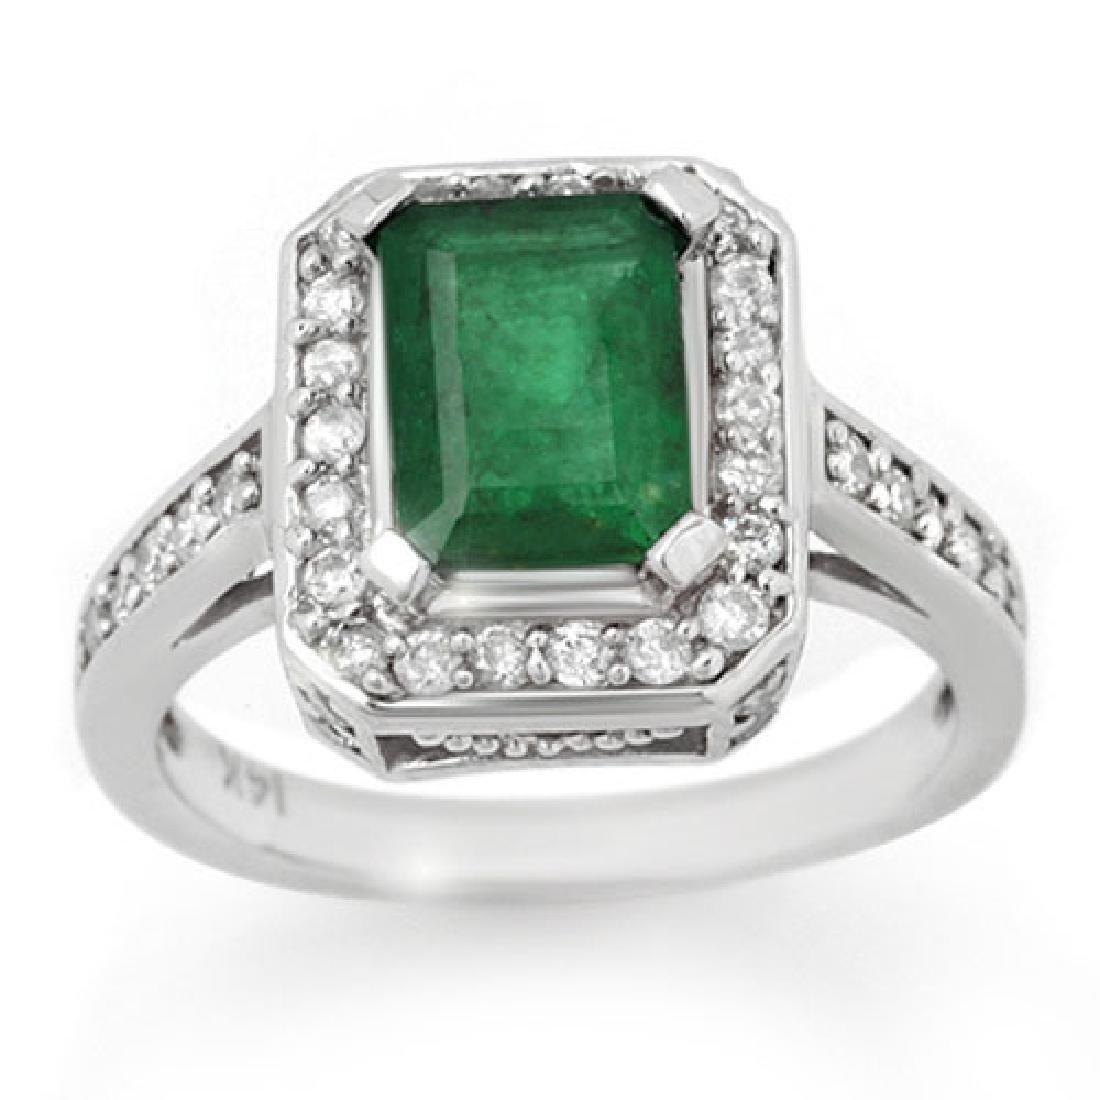 2.0 CTW Emerald & Diamond Ring 18K White Gold
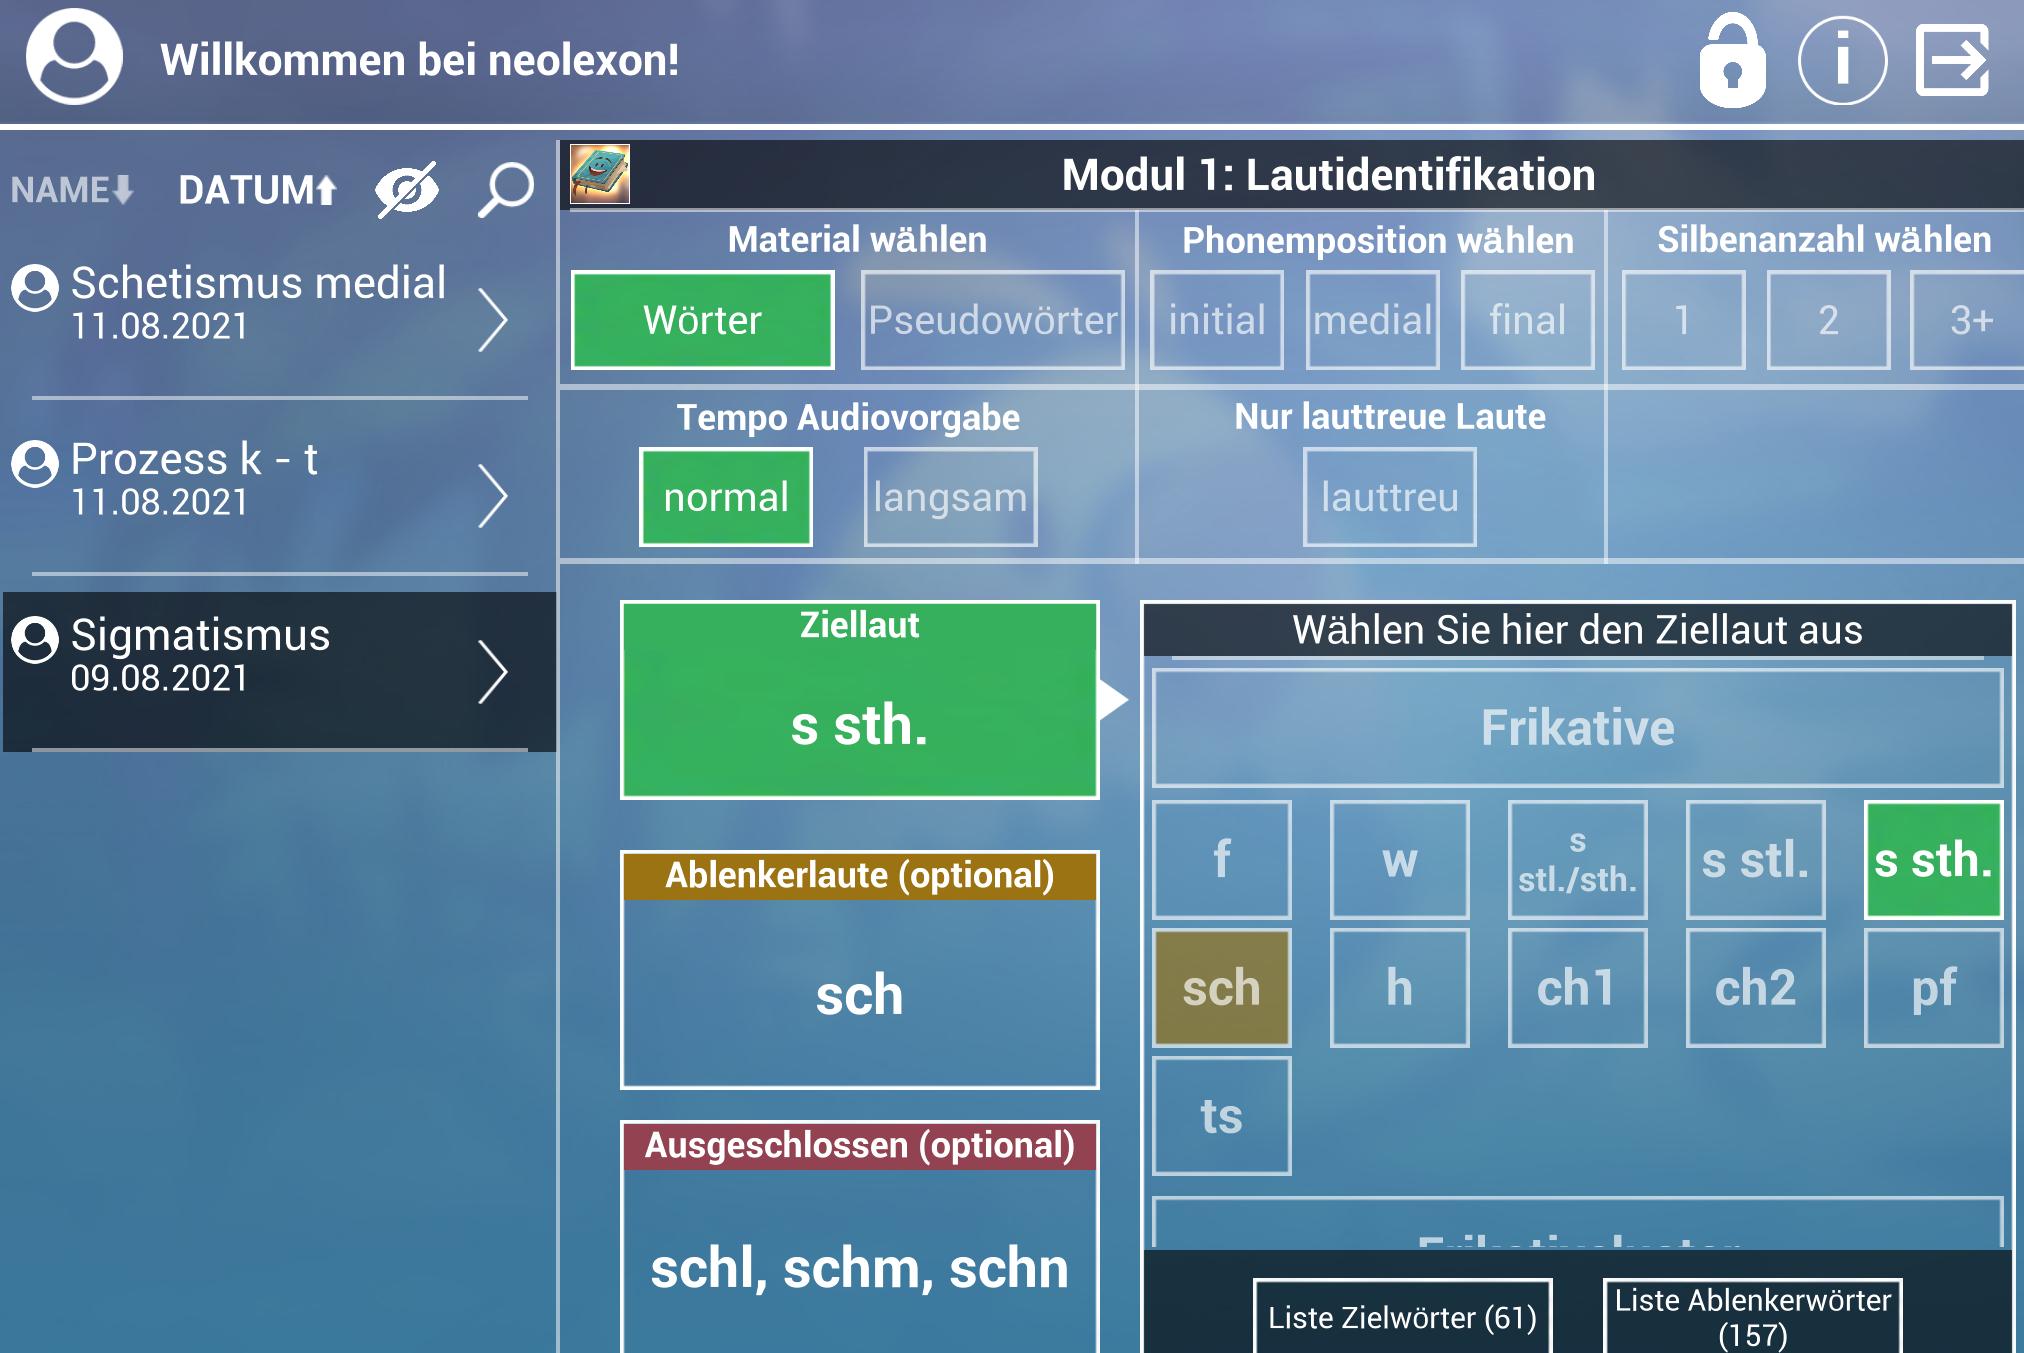 neolexon Artikulations-App Laute einstellen
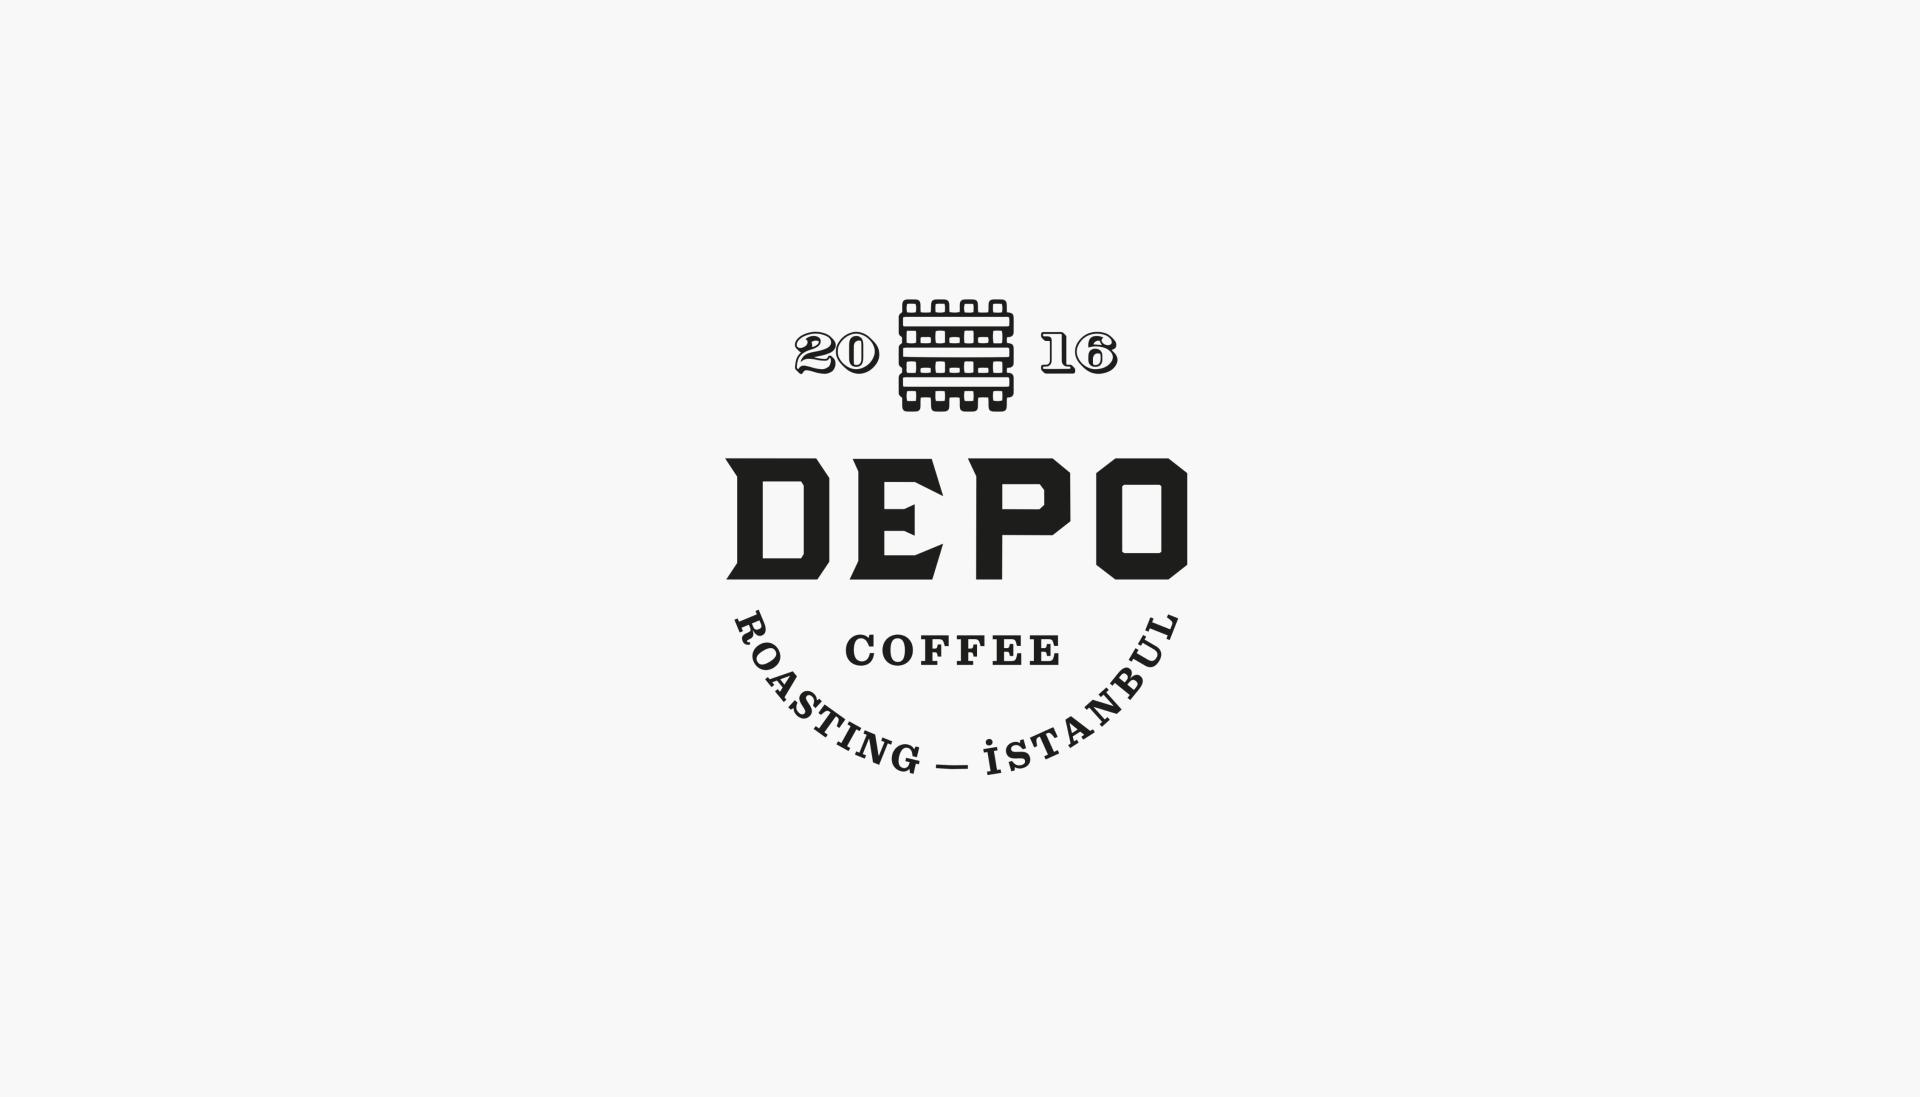 depo-logo-istanbul-coffee-roasting-istanbul-zeki-michael-design-agency-branding-design-roaster.jpg

**To do**
A word-for-word copy of all the data, without pictures, is the expected output.

**Exercise output**
 2.0 CTW Emerald & Diamond Ring 18K White Gold
 neolexon Artikulations-App Laute einstellen
 depo-logo-istanbul-coffee-roasting-istanbul-zeki-michael-design-agency-branding-design-roaster.jpg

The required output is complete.